What the task asks — What you return should match the material below line for line, except that no image appears in it.

Collected material —
◆ ◆ ◆
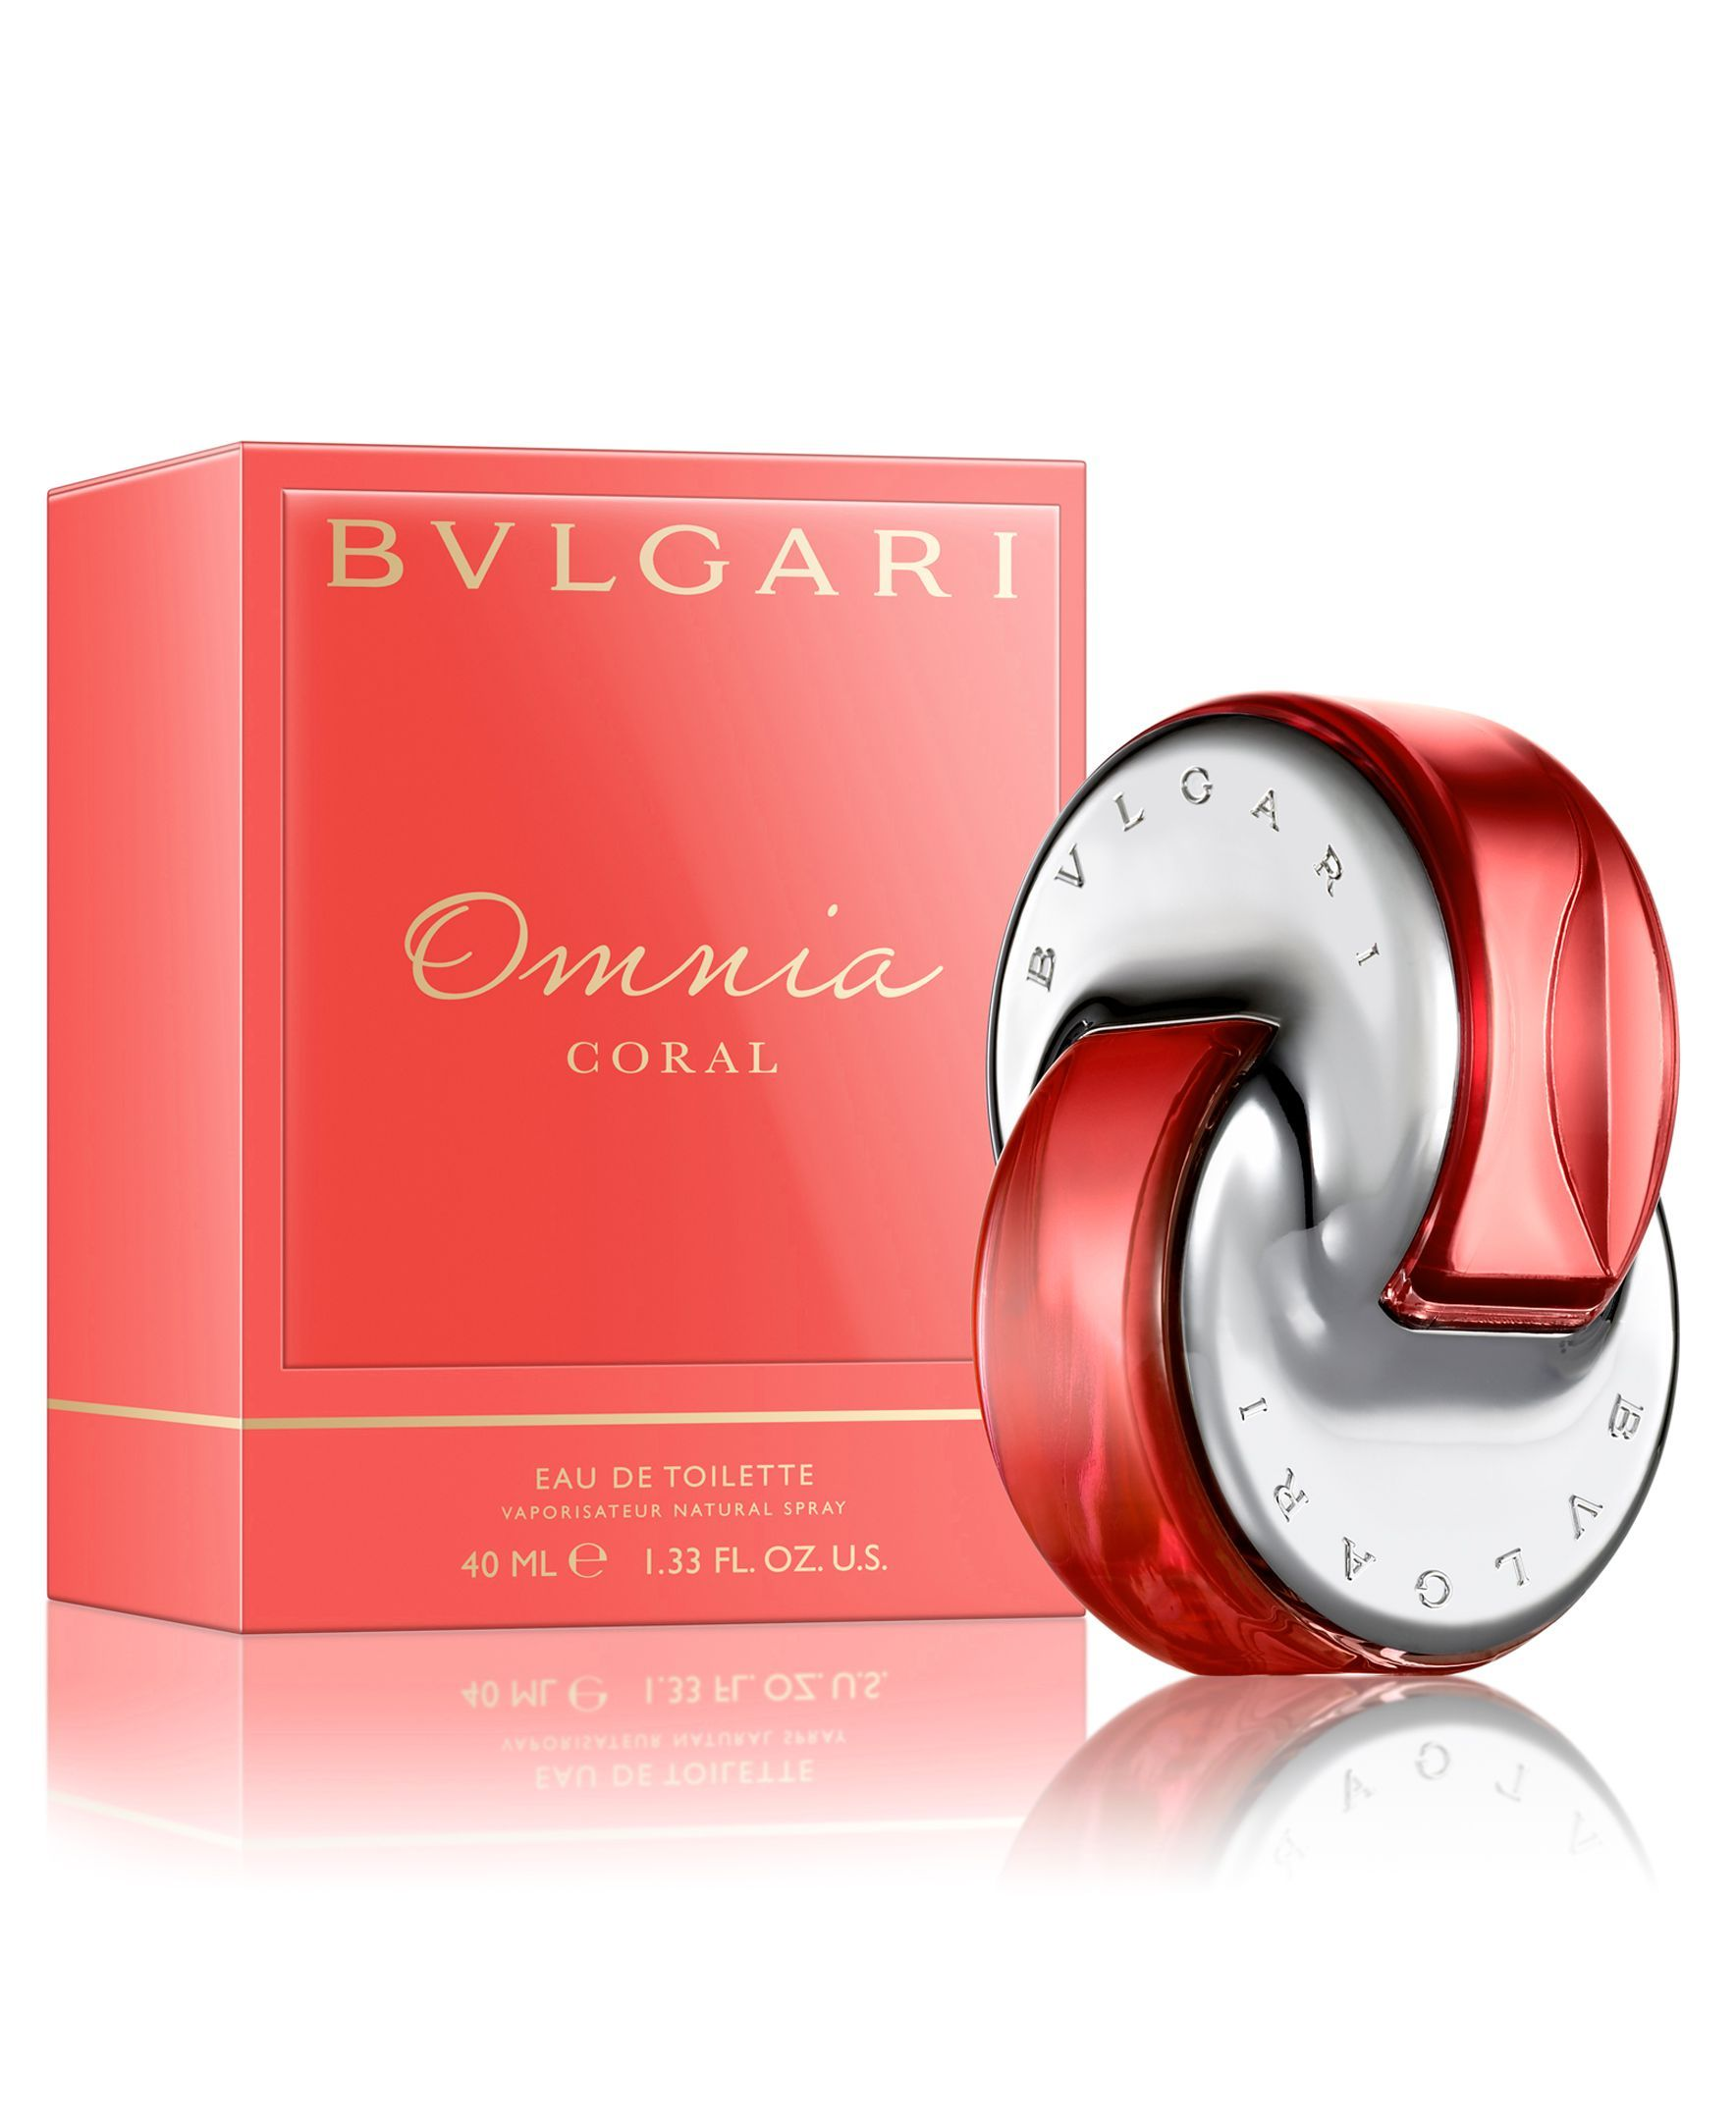 98bd35db23d42 Bvlgari Omnia Coral Eau de Toilette Spray, 1.3 oz   Fragrance ...
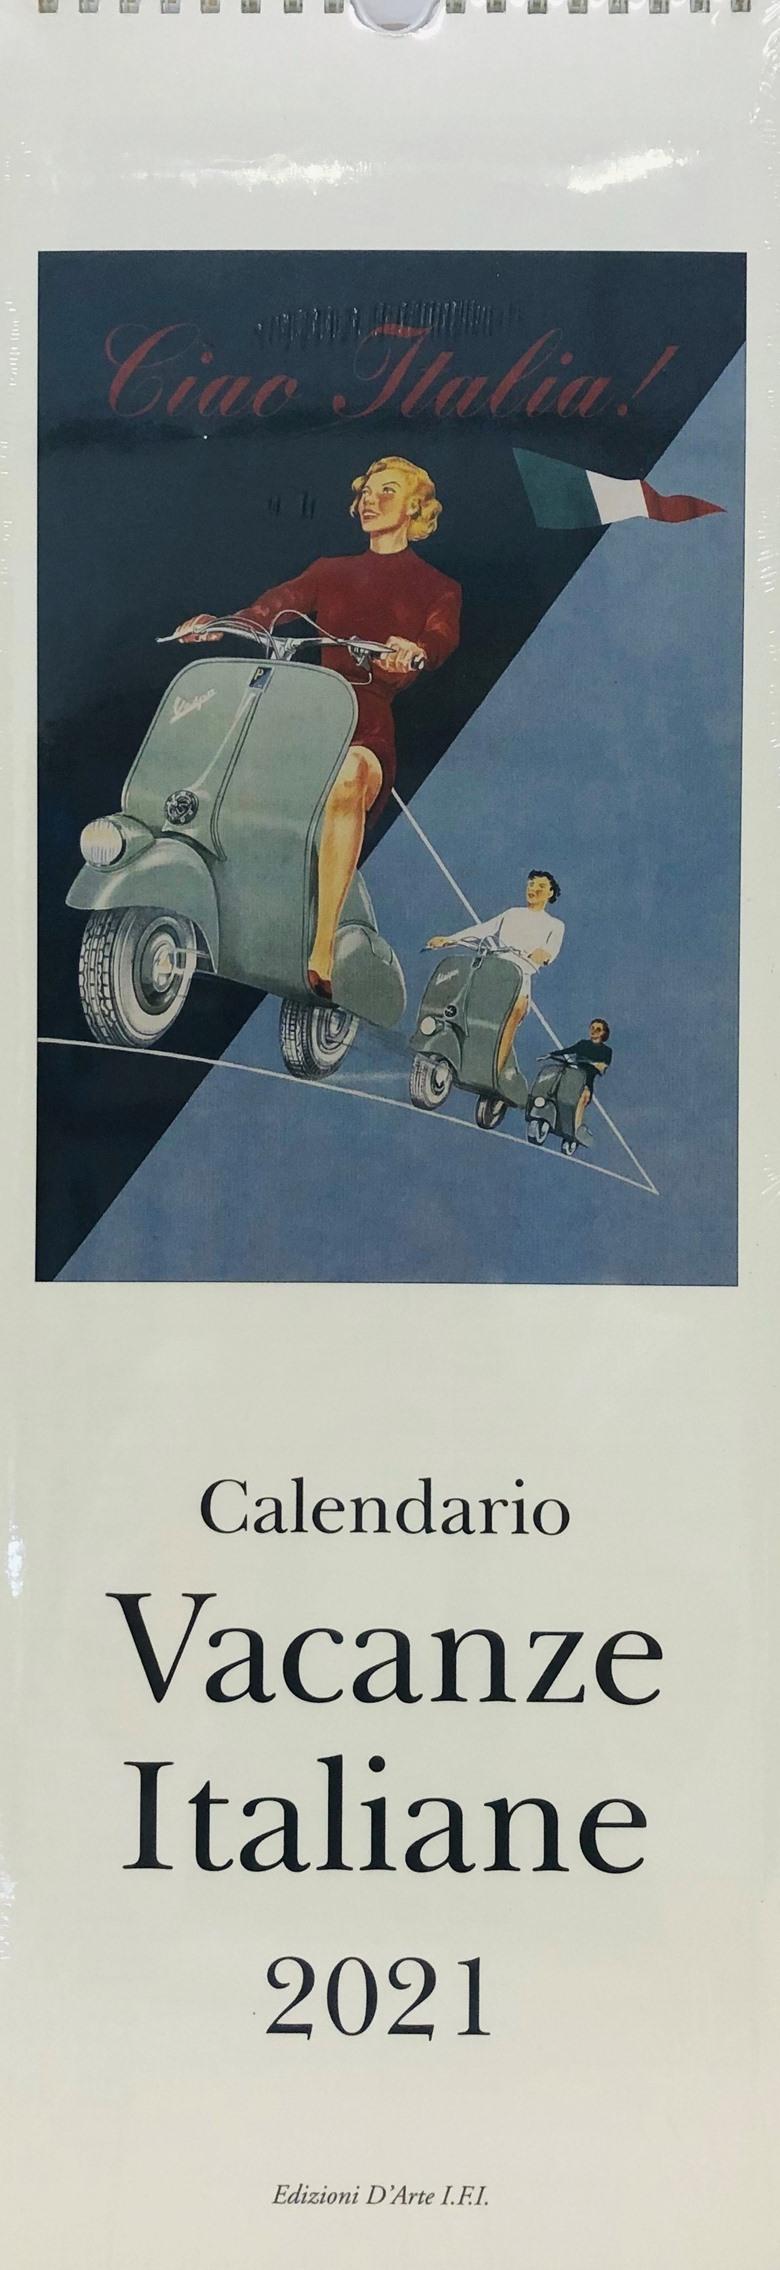 Italian Long Calendar Vacanze Italiane 2021 | CALE3818
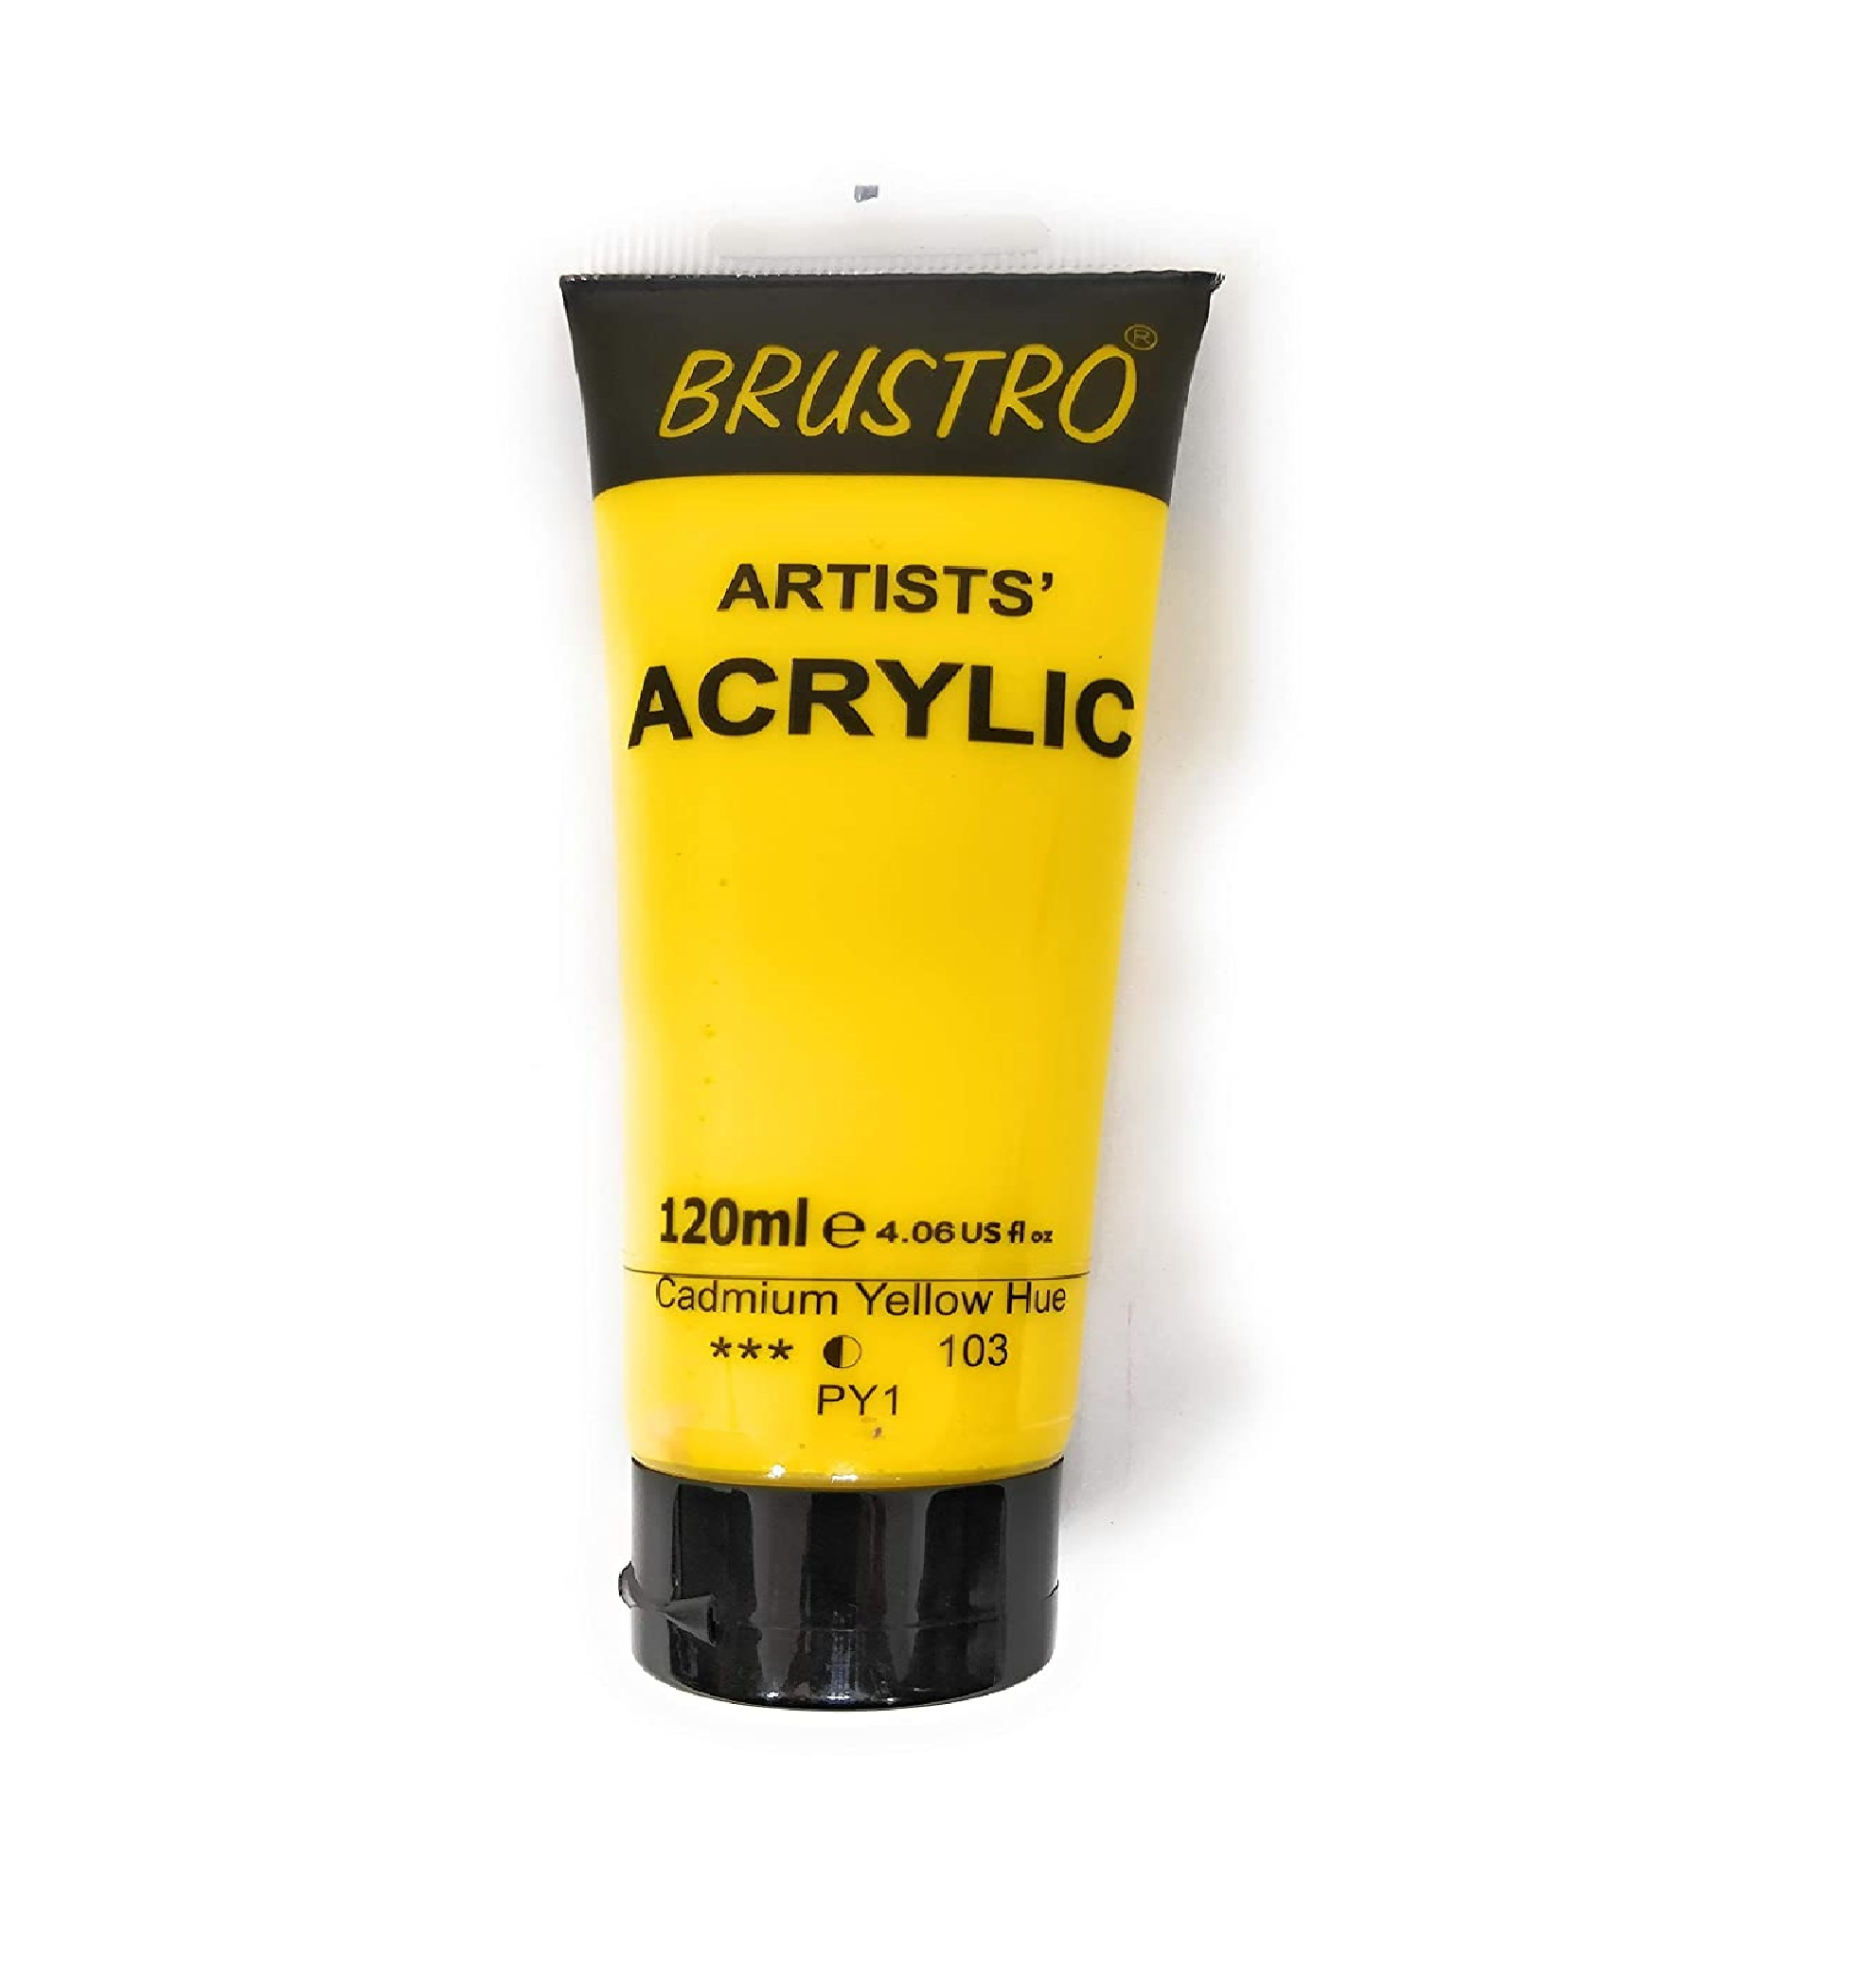 Brustro Artists Acrylic 120ml Cad Yellow Hue
◆ ◆ ◆
Expected answer —
 98bd35db23d42 Bvlgari Omnia Coral Eau de Toilette Spray, 1.3 oz   Fragrance ...
 Italian Long Calendar Vacanze Italiane 2021 | CALE3818
 Brustro Artists Acrylic 120ml Cad Yellow Hue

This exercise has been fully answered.